The Dal Gosht was the star of the meal
The Dal Gosht was the star of the meal

“Our forefathers are from Bhuj, Kutch. My wife has been cooking for over 25 years now, and we always had friends and family requesting us to make things for them and urging us to take up catering professionally. Now, with the kids growing up, we felt why not,” shares Arshad Soomar, owner The Cutchi Memon Table, Faiziya shares that some of her regular clients love her lasagna and brownies and also regularly order Christmas lunches from her, complete with cake jars. “I do vegetarian dishes with soya for a few clients too, but specialise in our traditional recipes that have been passed on to me from my mother and grandmother,” she informed.

The Shahi Tukda had us coming back for more
The Shahi Tukda had us coming back for more

Convinced, we placed our order for lunch. The Shikhampuri Kabab (Rs 360), Cocktail Kabab (Rs 300), Tashkent Pulao (Rs 1,200), Dal Gosht (Rs 1,050), Jeera Rice and Shahi Tukda (Rs 55) made it to our list. Most of the prices for these items were marked per kg. The kababs were priced per dozen. You can share the number of people you are ordering for and they will recommend the ideal quantity you should order.

Tuck-in time
When our food arrived, we were a tad disappointed with the packaging as the gravy of the Dal Gosht (packed in a plastic tub) didn’t survive the half hour journey and had spilled into the silver foil casseroles that held the kababs, causing them to drown in gravy. Airtight containers might be a better idea.

Let’s come to the most important part of the story now — the food! The Shikhampuri Kababs and the Cocktail Kababs were stellar. “These kababs have their origins from Bangalore; my wife lived in Bangalore before our marriage. They are a version of the Shammi Kababs, which have a filling of mint and onions in it. The Cocktail Kababs, too, are made of minced meat but this is raw minced meat, which is fried later,” explained Arshad.

What looked like a stack of kababs, making us think that we have over ordered, disappeared in minutes. Next, we tried the Dal Gosht (a traditional dish usually eaten in Muslim homes on a Friday) with the Jeera rice.
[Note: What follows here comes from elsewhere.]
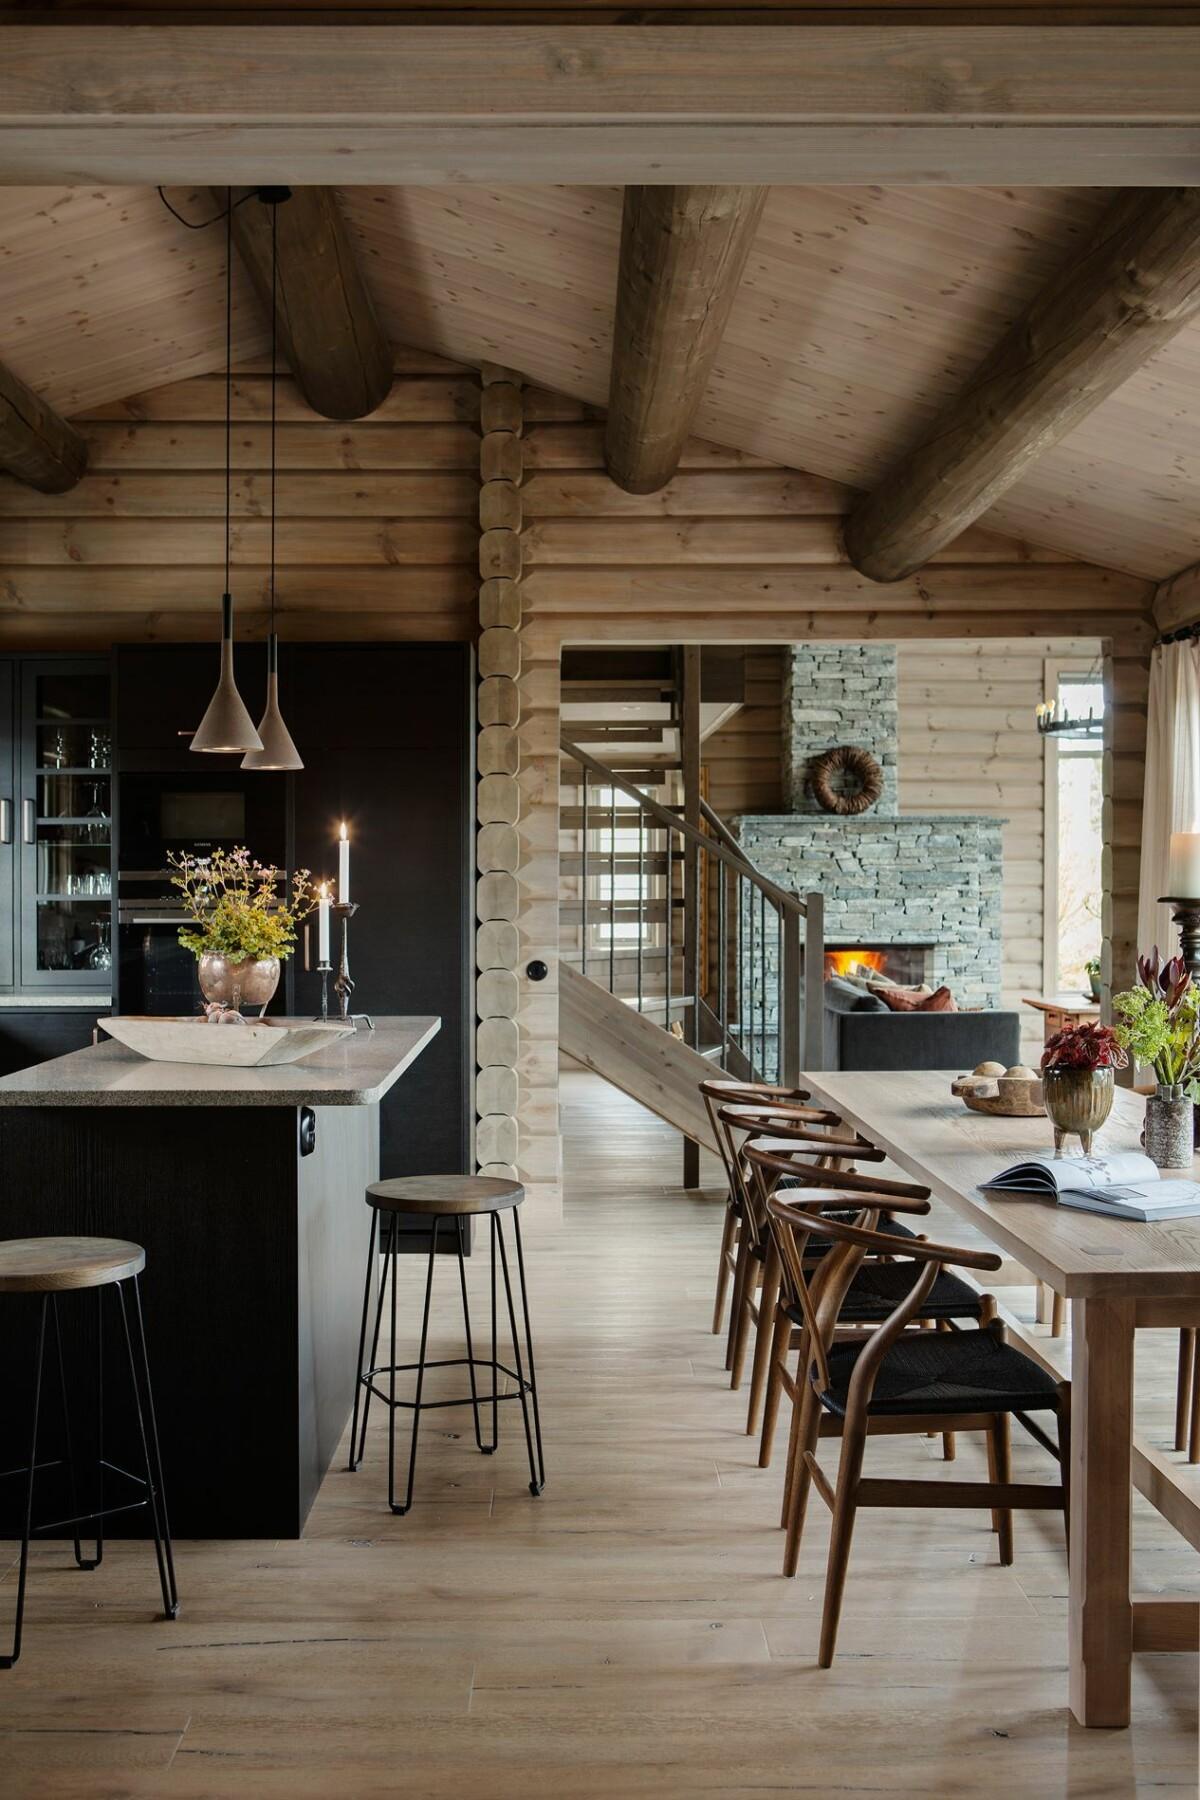 Casa de troncos madera en Åre, Suecia

The lentils mixed with soft mutton pieces was the star of our meal and some of our pseudo vegetarian colleagues who tried just the gravy couldn’t resist digging in again either. The Tashkent Pulao had a little added colour, which we aren’t very fond of. We found a strand of hair in the Pulao, which put us off. The sweetish tinge in the rice didn’t work for us either. This dish, we were told, is an
adaptation and not very traditional. It has a mix of vegetables, rice and chicken, with added fresh cream.

Drenched in the goodness of condensed milk, mava, dry fruit and fried bread, the Shahi Tukda was the perfect end to a hearty meal. We kept going back for it, out of pure greed, despite absolutely full stomachs. Except for a few glitches, which we think can be attributed to teething problems, the food was good and certainly, worth a try.

At: 602, Spencer CHS Ltd, New Kantwadi, Perry Cross Road, Bandra (W).